# EOI Selected, need clarification



## Ramanathan (Mar 5, 2013)

Hi All, 

My EOI has been selected , I would be applying for residence by mid April 2013. 

Need clarification on the below now, 

Medicals
1. Have a BMI of 25, and my Cholestrol, Triglcerides are slightly on the higher side. 
2. I am suffering from 'Vitiligo', an auto immune disorder of skin, which depigments my skin, less that 2% of my skin area is affected. As allopathic medicines are not effective I am only taking Homeopathic medicines for treatment. 
My earlier mails to NZ Immigration regarding this medical condition, I got a vague reply like ' it depends on the medical assessment we do" and not a defnite 'Yes' or 'No'.
What my chances of residence visa being accepted.

Job
1. I have been applying to jobs, but mostly getting replies like 'since you are not here we cannot consider you for this opening', In spite of me telling 'in process to apply for resident visa.
2. I will continue to try, but how to get out of this cycle. 
I am in a good and well paying job now, its risky to leave the current job, come to New Zealand and then search for a job. Till I get a job I may not even know which place to stay etc.

How to go about it. 

Thanks in advance for your suggestions.


----------



## topcat83 (Apr 16, 2009)

Ramanathan said:


> Hi All,
> 
> My EOI has been selected , I would be applying for residence by mid April 2013.
> 
> ...


Hi there - and congrats on getting the invitation to apply. 

On the medical front - we really can't give a definite about what the recommendation will be, but one way to get an idea is - how much will/could your condition cost the NZ public health service over the next 5 years? There's a previous post (sorry, I can't remember which) which discussed an actual figure - I can remember figures of $25k & $40k limits in it.
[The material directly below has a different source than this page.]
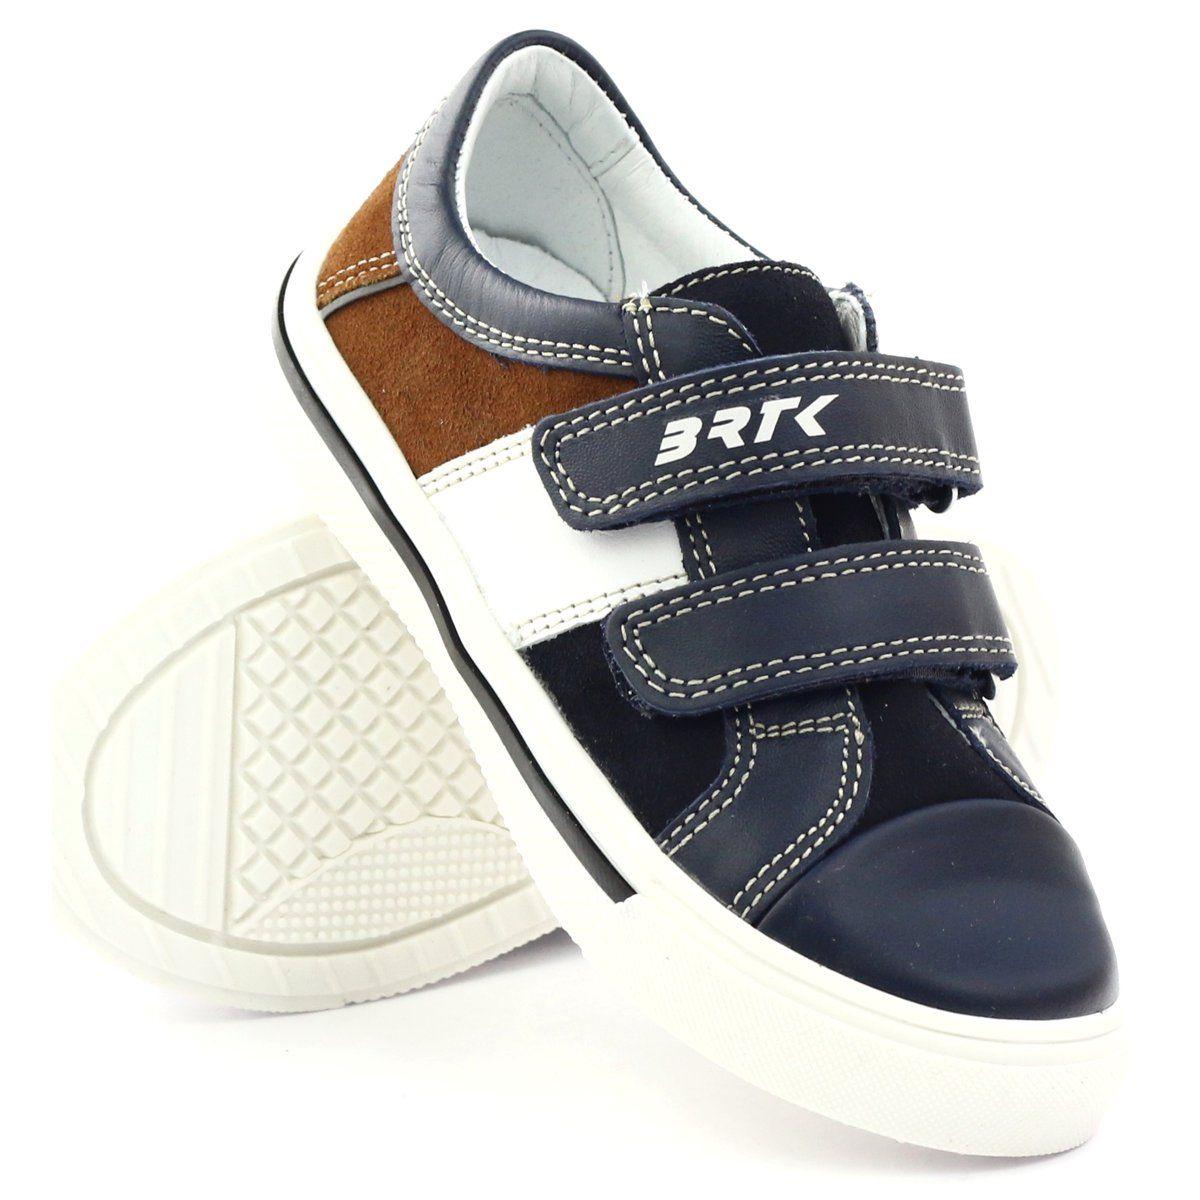 Polbuty Chlopiece Bartek 15607 Granatowe Wielokolorowe Brazowe Biale Boys Shoes Childrens Shoes Shoes

With regards a job - welcome to the usual Catch 22. You may find it easier to find a willing employer once you have the residents visa in your passport - but most will want to see you 'face to face', and will also want someone who can start reasonably quickly.


----------



## escapedtonz (Apr 6, 2012)

topcat83 said:


> Hi there - and congrats on getting the invitation to apply.
> 
> On the medical front - we really can't give a definite about what the recommendation will be, but one way to get an idea is - how much will/could your condition cost the NZ public health service over the next 5 years? There's a previous post (sorry, I can't remember which) which discussed an actual figure - I can remember figures of $25k & $40k limits in it.
> 
> With regards a job - welcome to the usual Catch 22. You may find it easier to find a willing employer once you have the residents visa in your passport - but most will want to see you 'face to face', and will also want someone who can start reasonably quickly.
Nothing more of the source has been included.